Re: [tcpdump-workers] pcap file format documentation
On 03/24/2006 04:35 PM, Don Morrison wrote: The trivial way to fix a truncated pcap file: tcpdump -r broken.pcap -w clean.pcap I tried this method, but it hangs tcpdump. That would be a bug in tcpdump. Why don't you send an example pcap file along that does this (or post it to a web or FTP site and send a URL), and state what version of tcpdump you are using. You did run tcpdump with no options other than -r and -w, right? My apologies, what I said was incorrect. Running the command does not crash tcpdump, but the outputfile (clean.pcap) will crash Ethereal, so while both files are clean enough for tcpdump to display and not crash, not so for Ethereal. Offhand I'd say this has nothing to do with truncation, since the truncated packet shouldn't be included in the clean pcap file. My guess would be that you've found a bug in one of ethereal's protocol dissectors. Just for grins, have you tried tethereal? Also, have you identified exactly what packet ethereal/tethereal crashes on? If so, extract just that packet from the pcap file into a separate pcap and see if it still crashes ethereal. There is at least one tool for noising up pcap files so it's fairly safe to release to others without fear that it might contain private data. Why am I using Ethereal? :) UMA decodes. Unfortunately, I cannot send you the pcap file because it would be a violation of my contract with the telecom I work for. Understood. Thanks very much for your help. No problem. -- Jefferson Ogata [EMAIL PROTECTED] NOAA Computer Incident Response Team (N-CIRT) [EMAIL PROTECTED] Never try to retrieve anything from a bear.--National Park Service - This is the tcpdump-workers list. Visit https://lists.sandelman.ca/ to unsubscribe.

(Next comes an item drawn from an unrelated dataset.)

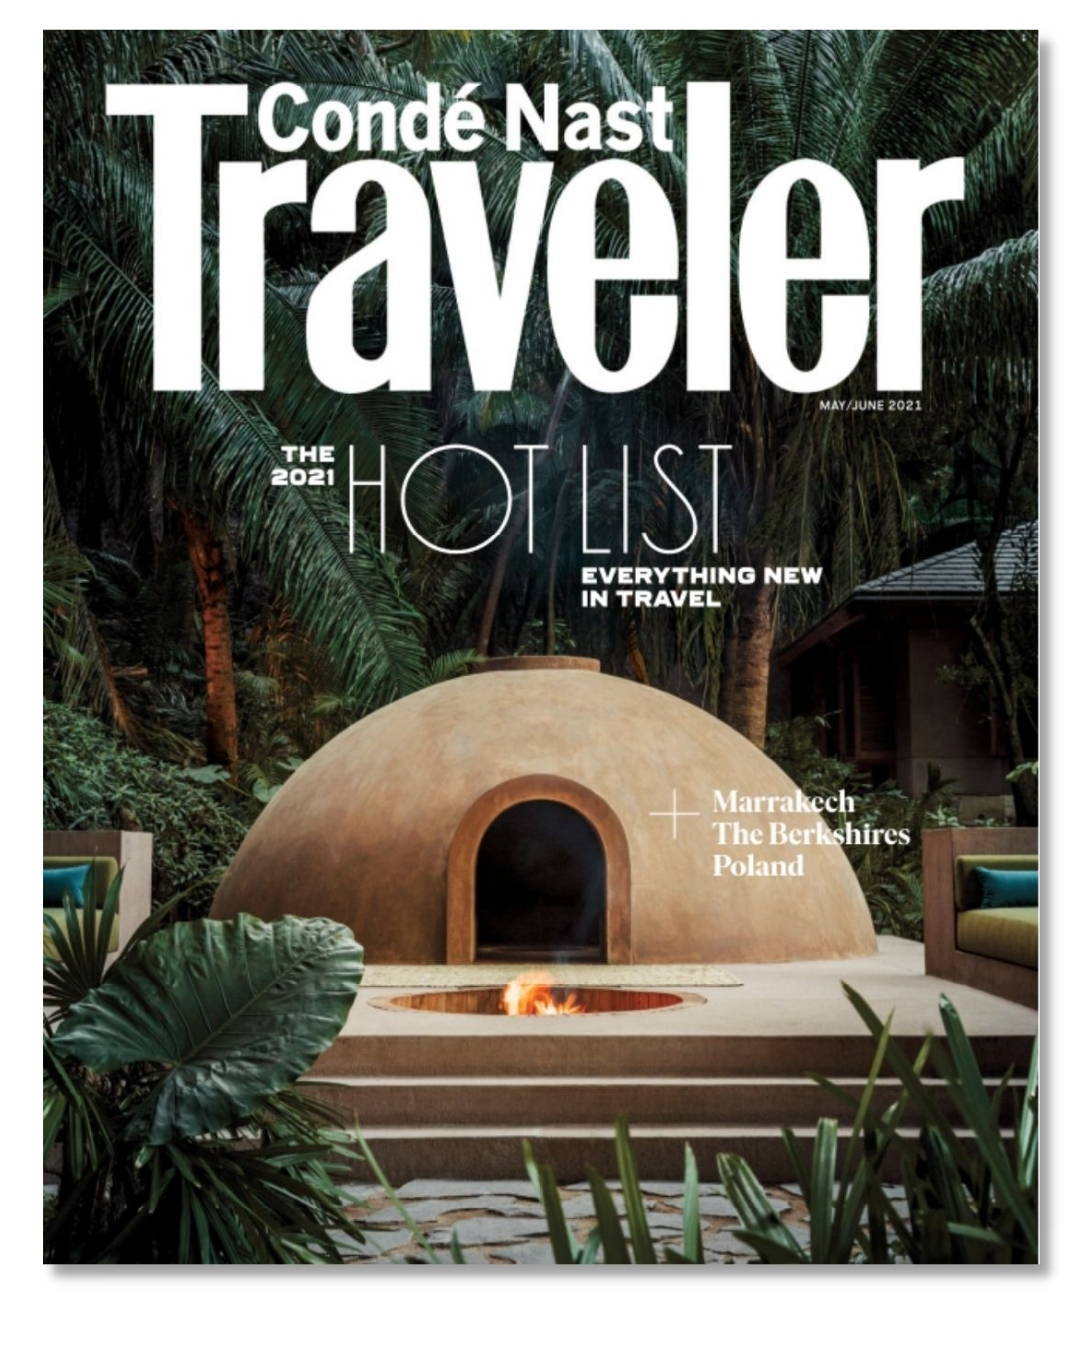 Conde Nast Traveler magazine

Re: [tcpdump-workers] pcap file format documentation
Offhand I'd say this has nothing to do with truncation, since the truncated packet shouldn't be included in the clean pcap file. My guess would be that you've found a bug in one of ethereal's protocol dissectors. Relax guys :) I'll send you the answer when I have time to fix it, jeez. ;) I only had like 30 minutes to look at the problem today. The reason why I suspect truncation is the following. When I use tethereal in my script, it cannot both output the text summary lines and write to file at the same time. Instead of hacking my own version of tethereal, I did (not showing all options here:) tethereal -i eth0 -w - | tee filename | tethereal -i - I think when this pipeline gets torn down, sometimes, a partial packet is written. Could it instead be a crashing dissector? Sure could be...I will then poke a stick at the hornet's nest that is the Ethereal mailing list. ;) - This is the tcpdump-workers list. Visit https://lists.sandelman.ca/ to unsubscribe.

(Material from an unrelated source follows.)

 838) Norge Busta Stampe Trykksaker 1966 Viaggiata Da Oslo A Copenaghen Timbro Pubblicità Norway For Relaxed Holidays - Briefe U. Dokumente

Re: [tcpdump-workers] pcap file format documentation
Hi Jefferson, Sorry, I have been home sick with the flu for 3 days. I will get to this tomorrow hopefully. Don On 3/23/06, Jefferson Ogata [EMAIL PROTECTED] wrote: On 03/20/2006 04:18 AM, Don Morrison wrote: [top posting fixed YET again] On 3/20/06, Jefferson Ogata [EMAIL PROTECTED] wrote: On 03/20/2006 02:01 AM, Don Morrison wrote: [top posting fixed again] I tried this method, but it hangs tcpdump. That would be a bug in tcpdump. Why don't you send an example pcap file along that does this (or post it to a web or FTP site and send a URL), and state what version of tcpdump you are using. The files are at work, so I'll have to reply in the morning. -Don Don, did you want to point us at one of your problem files? -- Jefferson Ogata [EMAIL PROTECTED] NOAA Computer Incident Response Team (N-CIRT) [EMAIL PROTECTED] Never try to retrieve anything from a bear.--National Park Service - This is the tcpdump-workers list. Visit https://lists.sandelman.ca/ to unsubscribe. - This is the tcpdump-workers list. Visit https://lists.sandelman.ca/ to unsubscribe.

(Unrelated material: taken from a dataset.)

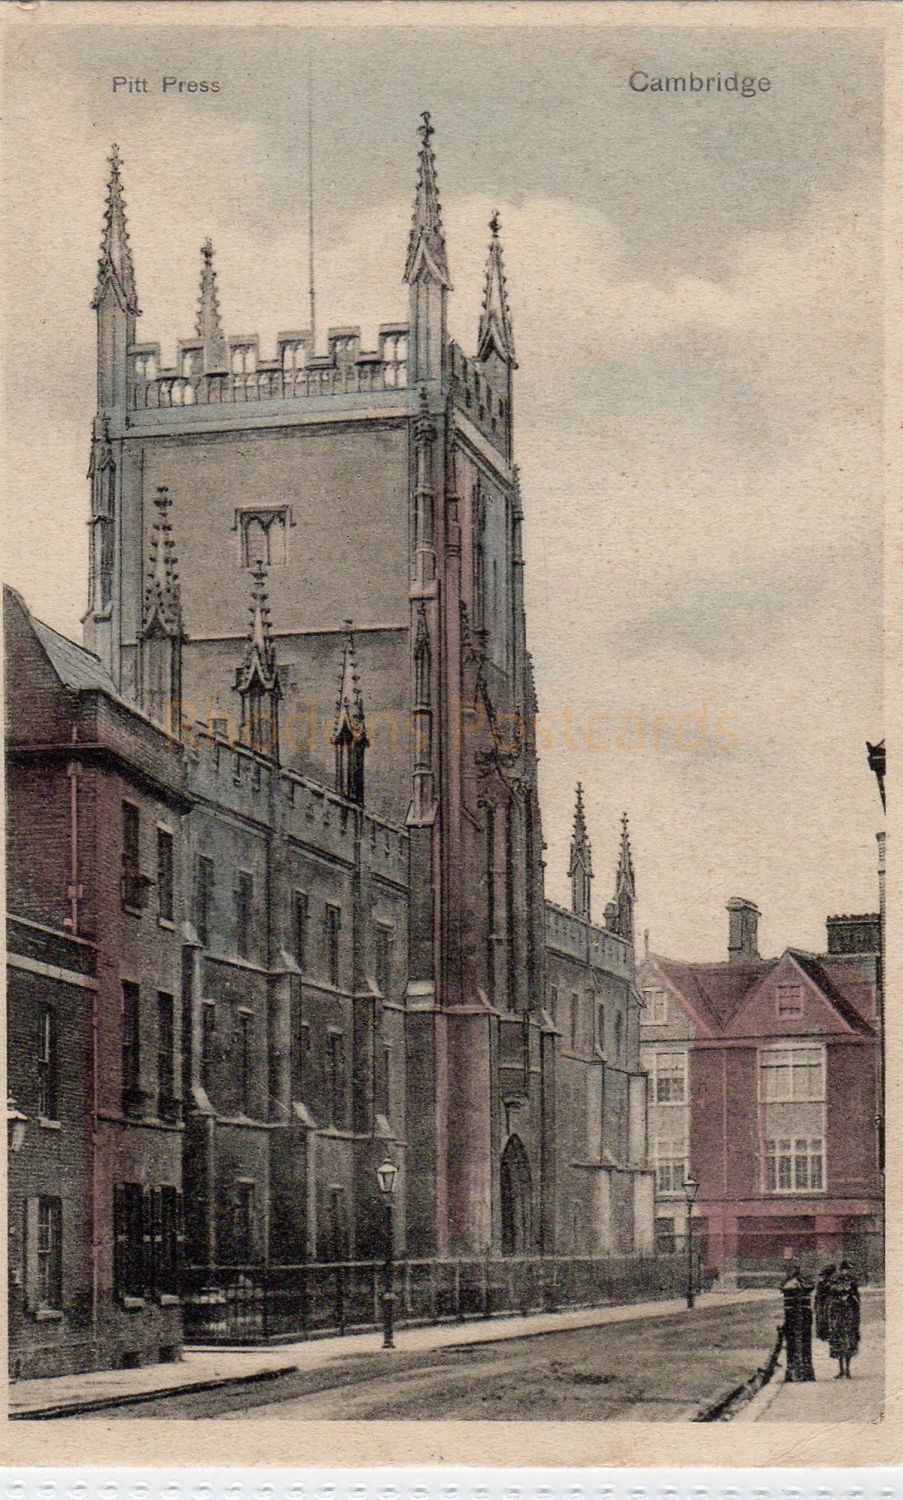 Pitt Press, Cambridge. Pre 1914 Postcard (299)

Re: [tcpdump-workers] pcap file format documentation
On 03/20/2006 02:01 AM, Don Morrison wrote: [top posting fixed again] On 3/19/06, Jefferson Ogata [EMAIL PROTECTED] wrote: The trivial way to fix a truncated pcap file: tcpdump -r broken.pcap -w clean.pcap I tried this method, but it hangs tcpdump. That would be a bug in tcpdump. Why don't you send an example pcap file along that does this (or post it to a web or FTP site and send a URL), and state what version of tcpdump you are using. You did run tcpdump with no options other than -r and -w, right? -- Jefferson Ogata [EMAIL PROTECTED] NOAA Computer Incident Response Team (N-CIRT) [EMAIL PROTECTED] Never try to retrieve anything from a bear.--National Park Service - This is the tcpdump-workers list. Visit https://lists.sandelman.ca/ to unsubscribe.
[tcpdump-workers] pcap file format documentation
Hello, Is there documentation describing the pcap file formats (other than the libpcap source)? Thanks, Don - This is the tcpdump-workers list. Visit https://lists.sandelman.ca/ to unsubscribe.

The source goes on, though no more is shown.